Sinlung /
08 December 2012

How Climate Change Affected Livelihood Options in Assam

Guwahati, Dec 8 : Climate change leading to natural disasters, particularly flood and erosion, has affected the livelihood options of thousands of people across Assam, a study has found out.

The impact of the climate change is most pronounced among marginalised women, but it has also pushed people from prosperous families into taking up work of domestic assistance and daily wage labour, the study revealed.

In many cases, young women of less developed and remote areas have even been pushed into flesh trade after natural disasters wiped out their options of making an honest livelihood.

The study was conducted by the Centre for Environment, Social and Policy Research (CESPR) in collaboration with the Indian Network on Ethics and Climate Change.


It has been observed that during the last few years there has been a significant change in the livelihood options of people due to climate distortions, CESPR spokesperson Sabita Devi says.

The study was undertaken in the six severely disaster-affected districts of Lakhimpur, Majuli in Jorhat.

Morigaon, Sonitpur, Baksa and Dibrugarh. Devi said many people, who were earlier dependent on agriculture, had been forced to take up other avenues of employment due to change in climatic pattern.

“Climate change is generally perceived by the people interviewed during the course of the study as the presence of more diseases, more rainfall, change in climatic conditions and loss of agricultural output,” she said.

It was also an acute necessity that forced people to uproot themselves from their original homes and workplaces to seek livelihood somewhere, Devi said.

Devi pointed out that senior environmental scientists, who have worked extensively on environment and climate change in the Northeast, had noted rapid climatic change in Assam.

According to meteorological scientists who have been associated with studies related to climate in Assam, a change over the past three or four decades and a steady rise in temperature have been observed.

“Due to excessive floods, communication is disrupted for long periods of time and this has particularly affected the girls who are often forced to drop out of schools and colleges,” she said.

Besides, the adverse impact of the flood on the income of the family often forces the women of the house to step out and seek work elsewhere and when this happens, the children, too, suffer, Devi pointed out.

Assam’s devastating floods have had a major impact on the economic conditions of several households, Siddharth D’Souza of the Indian Network on Ethic and Climate Change pointed out.
“This has also made young girls from the tea garden areas vulnerable as they are lured with the promise of jobs but are instead pushed into into flesh trade,” D’Souza said.

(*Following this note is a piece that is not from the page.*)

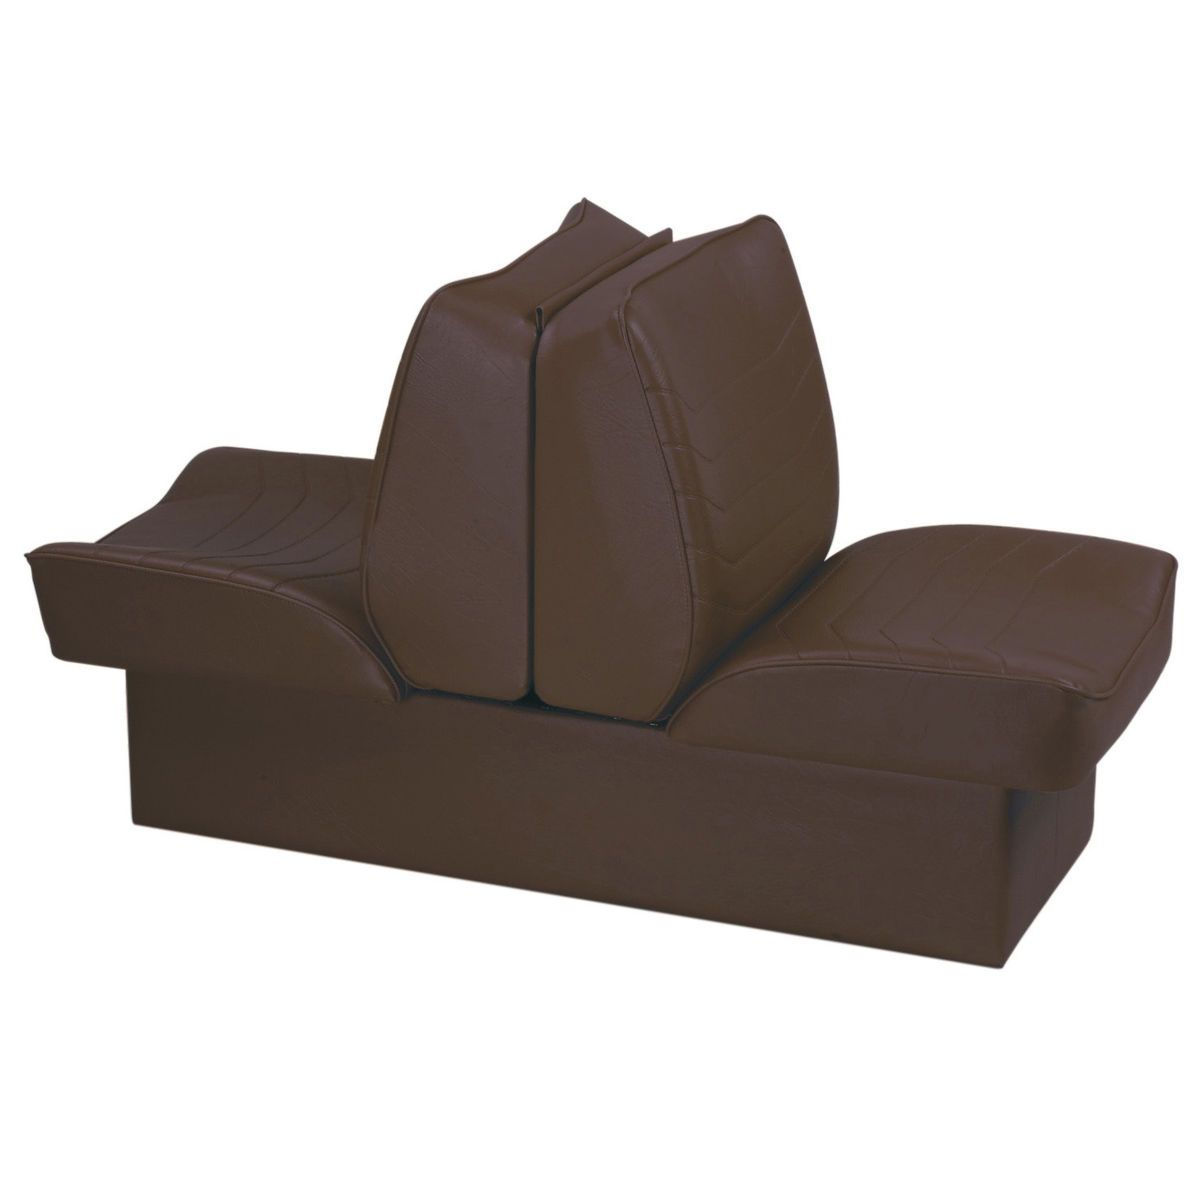 Strange Overtons Standard Small Craft Back To Back Lounge Seat Creativecarmelina Interior Chair Design Creativecarmelinacom

“We have come across several instances when some anti social elements had tried to lure away young women outside the state with promises of good job,” social activist Krishna Sundas said.

In Majuli, the world’s largest river island, women who were earlier home-makers are now forced to take up weaving, daily wage labour and other related activities to make ends meet, while in Morigaon several households are taking up fishing to make up for lost agricultural produce, he said.